PGR asserts betting industry profits ‘will exceed financial costs’ of reforms

Peers for Gambling Reform (PGR) has published the findings of its latest report, arguing that an overhaul of UK gambling laws would likely have positive societal outcomes on employment, tax revenue and employee earnings.

NERA was commissioned to undertake an ‘economic assessment’ of recommended industry reforms that have been suggested as part of the government’s generational review of the 2005 Gambling Act. These measures included:

  • Customer affordability checks 
  • Enforcing stake limits on high-risk online casino games 
  • The enforcement of a mandatory RET funding levy
  • Imposing blanket ban on sports sponsorships
  • Classifying loot boxes as new gambling verticals  

Commenting on the proposals, Lord Foster of Bath, Chair of PGR, said: “This report clearly sets out the economic benefits of reforming the gambling industry with tax revenues looking set to increase, jobs that could be created and a boost to funding for research, education and treatment. 

“The evidence base and now the economic case for reform have now been made. This government now needs the resolve to get on with it.

“This report clearly sets out the economic benefits of reforming the gambling industry with tax revenues looking set to increase, jobs that could be created and a boost to funding for research, education and treatment. The evidence base and now the economic case for reform have now been made. This Government now needs the resolve to get on with it.”

Each recommended reform was examined to gauge ‘hypothetical direct effects’ on the industry’s GGY, costs and tax liability outcomes.  

Researchers subsequently modelled the macroeconomic effects of revenue substitution away from gambling into related sectors of the economy using a ‘simplified input-to-output approach’. 

Regarding the impacts on the gambling sector, the report estimated that annual industry profitability would fall between three categories – £696 million (low impact), £819 million (medium impact) and £974 million (high impact).  

However, the report maintained that ‘industry profits are likely to exceed these financial costs, without taking into account any increase in prices or change in strategy that operators could implement in response’.

Placing these losses in context, the group pointed to the 2019 post-tax profits of five leading operators – GVC (now known as Entain), Flutter Entertainment, bet365, William Hill and Camelot – which totalled £697 million.

Although this figure falls below both the medium and high impact estimations, this total did not include bet365 CEO Dennis Coates’ £277 million 2019 salary – which rose to £424 million in 2020 – or the profits earned by other industry operators, which the report noted were not obtained.

Despite acknowledging that reforms ‘might reduce employment in the gambling industry,’ the report also argued that by diverting expenditure by the public to ‘other sectors which are more labour intensive’, the recommended changes could support up to 30,000 jobs and drive employee earnings up to £400 million.

In relation to taxation and government expenditure, the PGR report predicted that reforms would generate an additional of £68-£87 million in tax revenues, whilst £68-£87 million would be available for the Select Committee’s proposed research, education and gambling harm treatment programmes (RET).

Additionally, the report estimated that the UK government spends between £270 million and £1,170 million, primarily in healthcare costs, on supporting those who have experienced gambling related harm.

These costs, it said, could be reduced through the recommended reforms and via its proposed RET initiative – although the legislators did note that ‘it is not possible to say precisely how much could be saved on the basis of the evidence we have received’.

Outside of healthcare, further areas for cost saving identified by the PGR include: unemployment, homelessness and incarceration, all of which are dependent on the success of the recommended reforms in reducing gambling related harm.

In its scope of assessment, researchers highlighted the sector’s prevalence on online gambling as its GGY growth driver, underlining that online gambling businesses had been ‘subject  comparatively less scrutiny’ than their  land-based counterparts.  

Lastly, the report also addressed the issue of sporting finances.
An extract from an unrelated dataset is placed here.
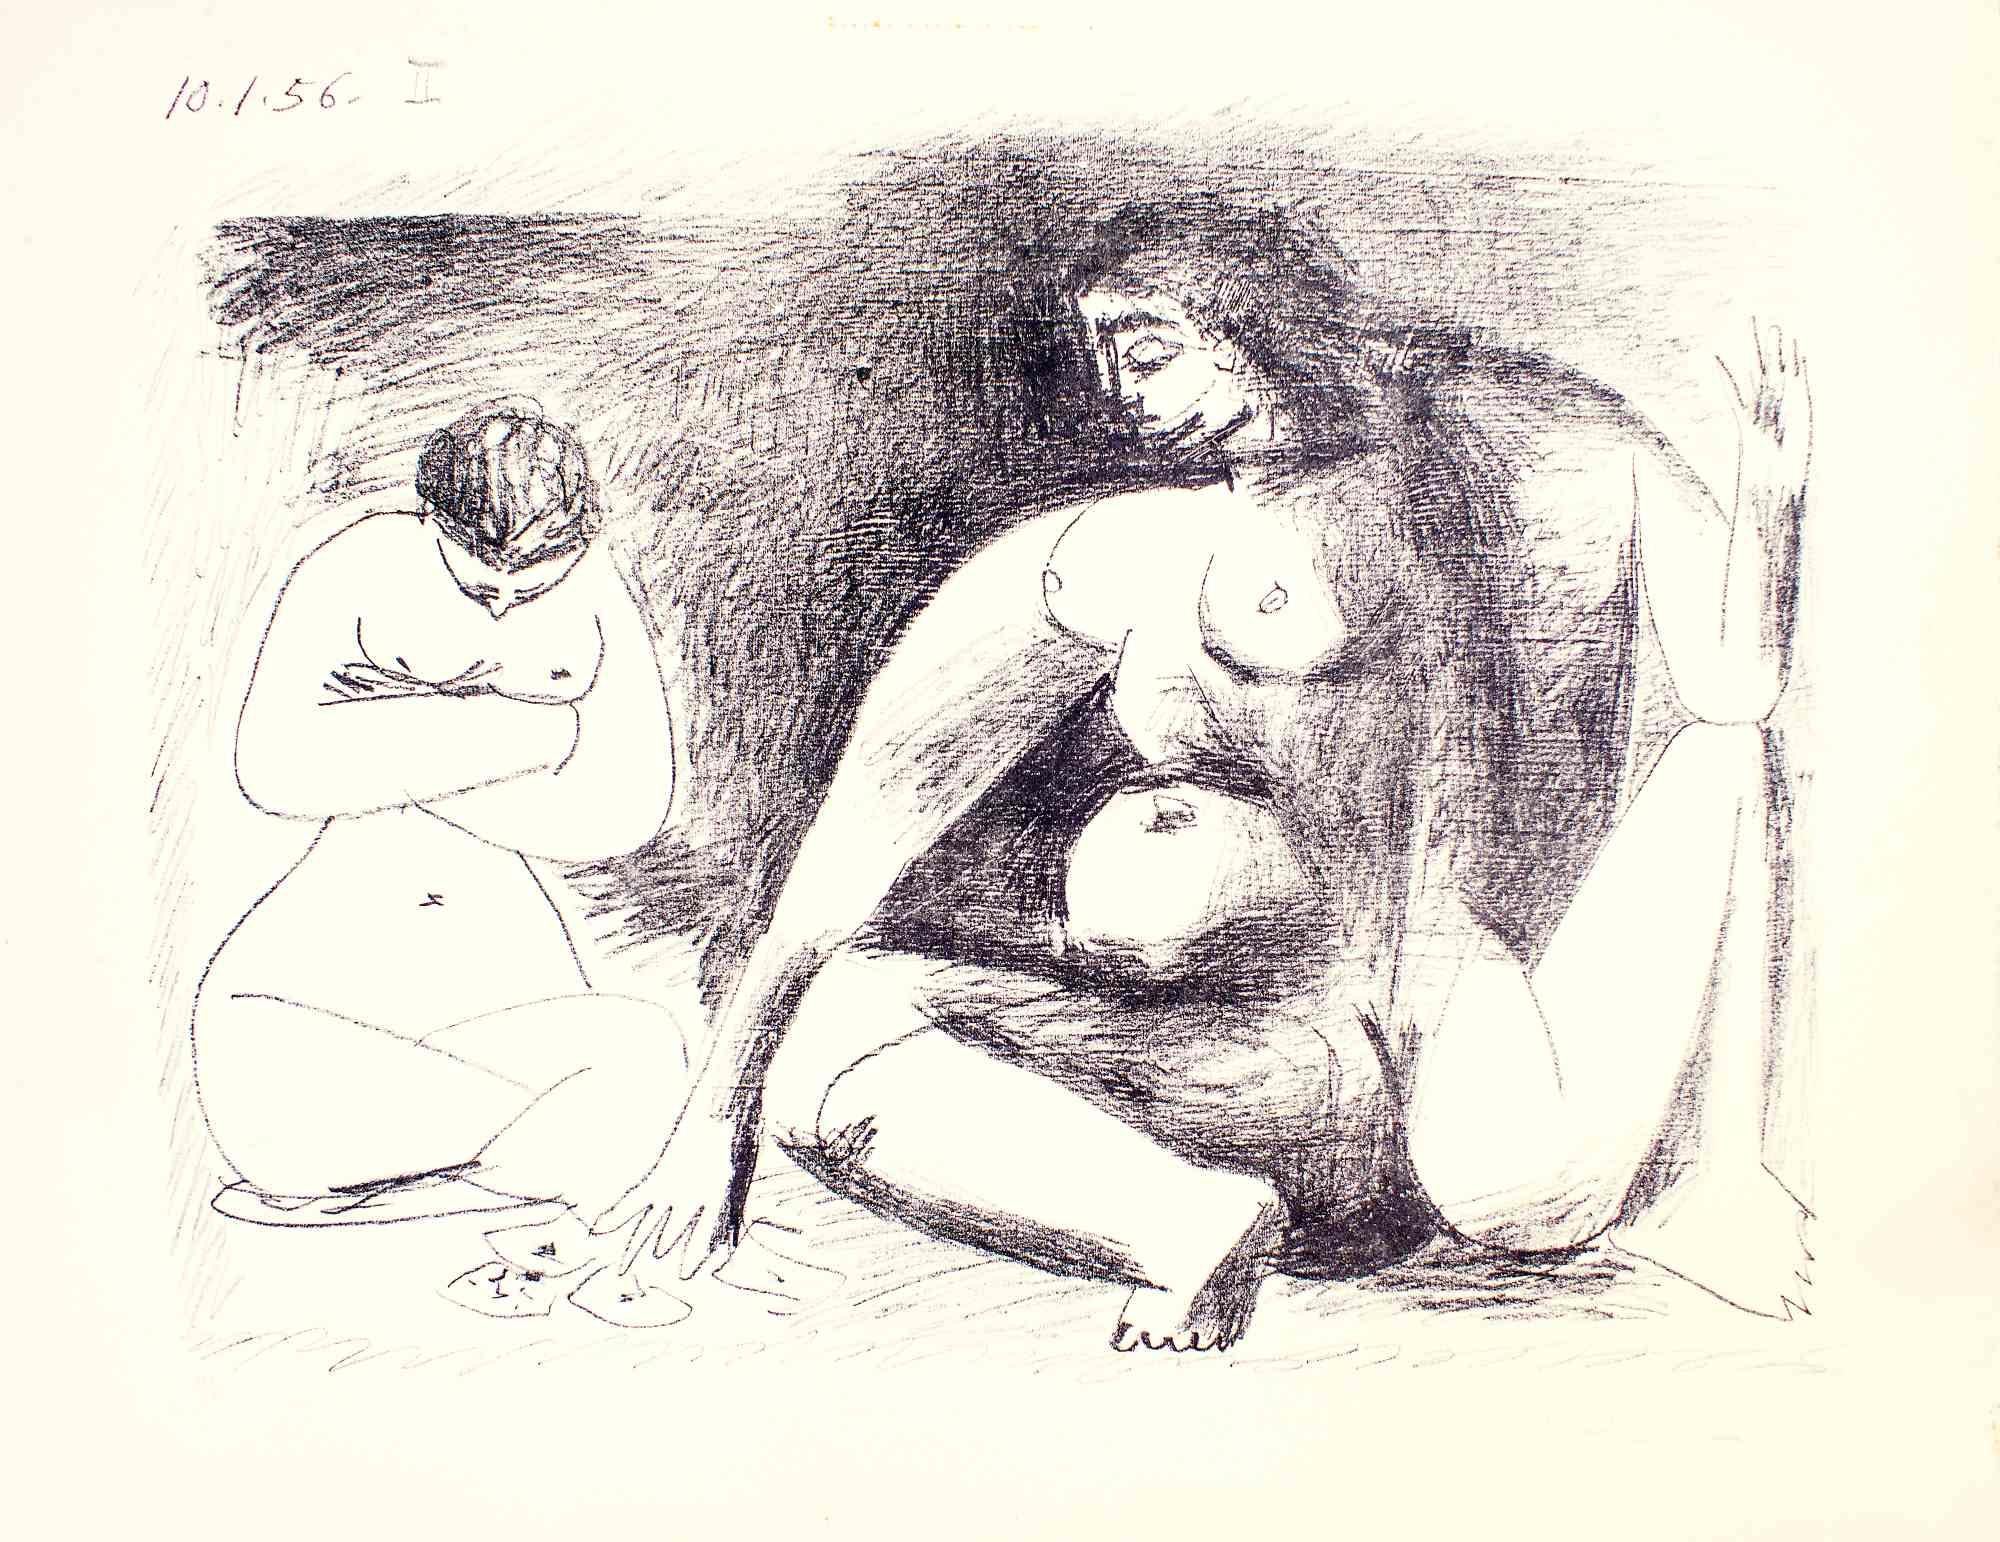 Deux Femmes Accroupies - eau-forte de Pablo Picasso - 1956

Although many leading sports figures have expressed concern that lower league clubs could suffer in the absence of sports betting sponsors, the PGR has asserted that the non-gambling sponsorships could ‘fill the gap’.

Although acknowledging that the English Football League (EFL) could lose up to £26 million and the Rugby Football League (RFL) could lose between £500,000 and £950,000 in yearly sponsorship revenue, the report maintained that this equates to only 2.5% and 2.4% of each body’s annual income.